Essa articulação, no campo da formação de professores, tem sido desenvolvida desde a década de 1980 nas instituições de ensino superior comprometidas com a qualidade da formação de professores, por meio de experiências que buscam viabilizar práticas inovadoras que superem o modelo de formação tecnicista imposto pelo período militar. Ela se traduz como um dos eixos curriculares consubstanciados na proposta da ANFOPE – interdisciplinaridade – que:

[...] perpassariam todas as disciplinas e criariam campos de ação nos quais, embora fossem mantidas as especificidades de cada disciplina e de seus professores, propostas coletivas poderiam ser desenvolvidas em equipe. Os eixos curriculares permitiriam, também, a seleção dos conteúdos essenciais. É prudente explicitar que tal trabalho coletivo não pressupõe a homogeneização de posições entre seus participantes. O trabalho coletivo não pressupõe a eliminação das diversidades teóricas e metodológicas. (CONARCFE apud BRZEZINSKI , 1995, p. 55)

O currículo integrado, ainda ausente nas práticas de formação, se caracterizaria pela ausência de territórios disciplinares, pois tem como ponto de partida o estabelecimento de metas interdisciplinares com o propósito de alcançar a transdisciplinaridade. Encontram-se as origens dessa forma de conceber a organização do currículo nas propostas dos “centros de interesse” de Decroly, na “metodologia de projetos” de Kilpatrick e na “escola ativa” de John Dewey. Entretanto, um currículo organizado de forma integrada, na perspectiva apontada por Garcia, transcende essas propostas, uma vez que promove a ruptura com o conhecimento disciplinar e interdisciplinar.

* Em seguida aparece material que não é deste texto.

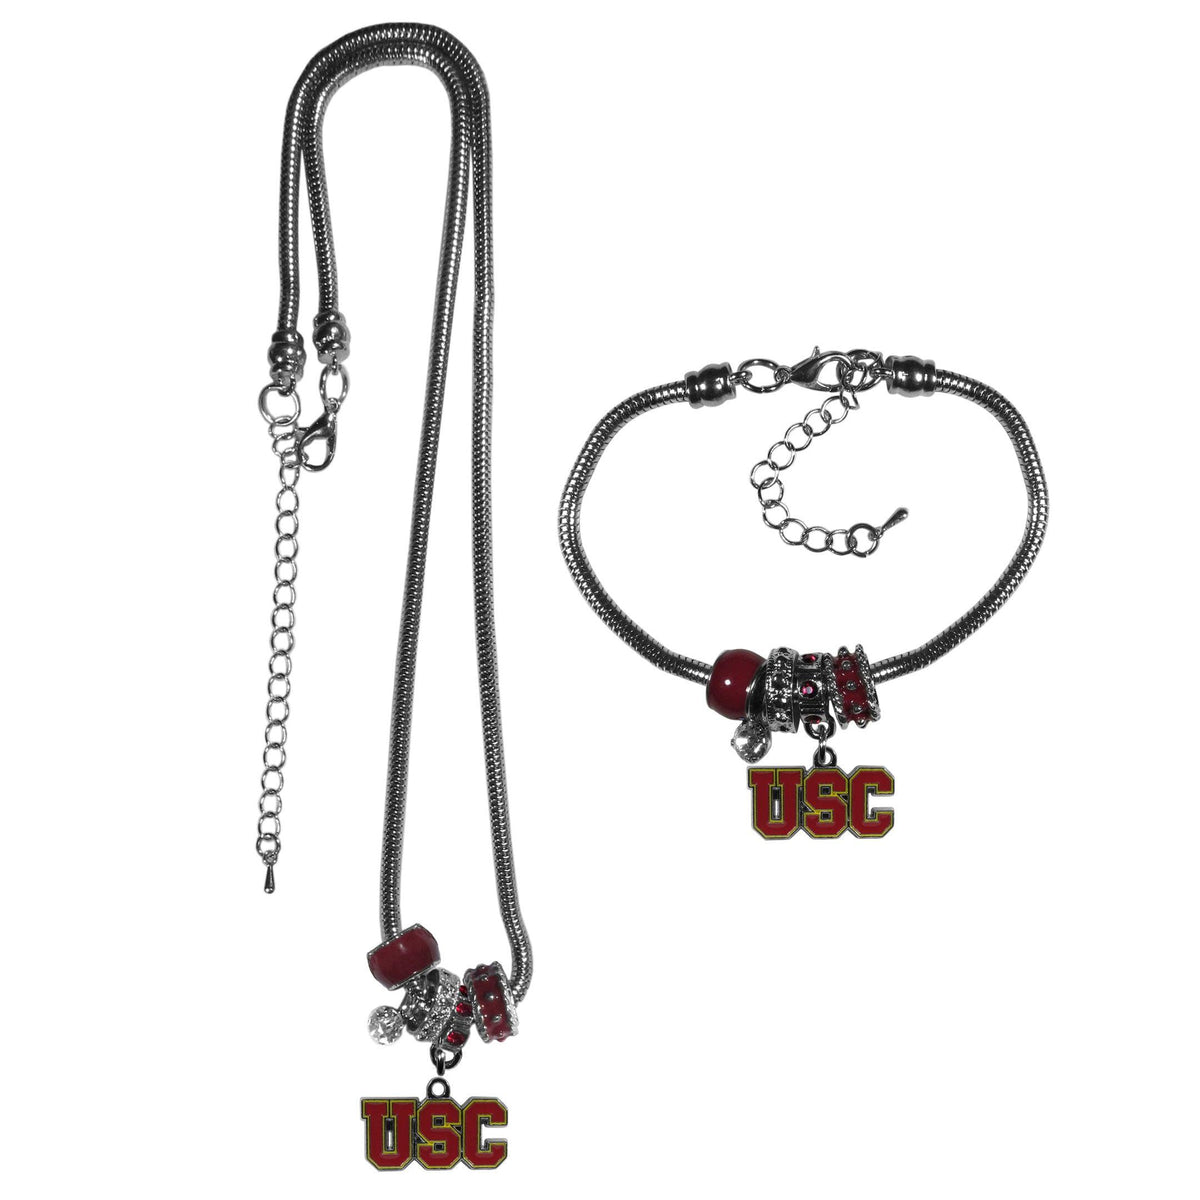 USC Trojans Euro Bead Necklace and Bracelet Set - Flyclothing LLC

Para GARCIA (1999) esse modo de organização curricular, ainda encontra-se ausente nas práticas educativas desenvolvidas nas instituições formais de ensino, já que exige um elevado nível de compromisso entre os professores diante das metas propostas e a capacidade de relacionar o enfoque de sua disciplina a gênese das idéias nas diferentes áreas de conhecimento. Além disso requer uma organização e estruturação institucional diferenciada daquelas que tem sido adotadas historicamente nos sistemas formais de ensino.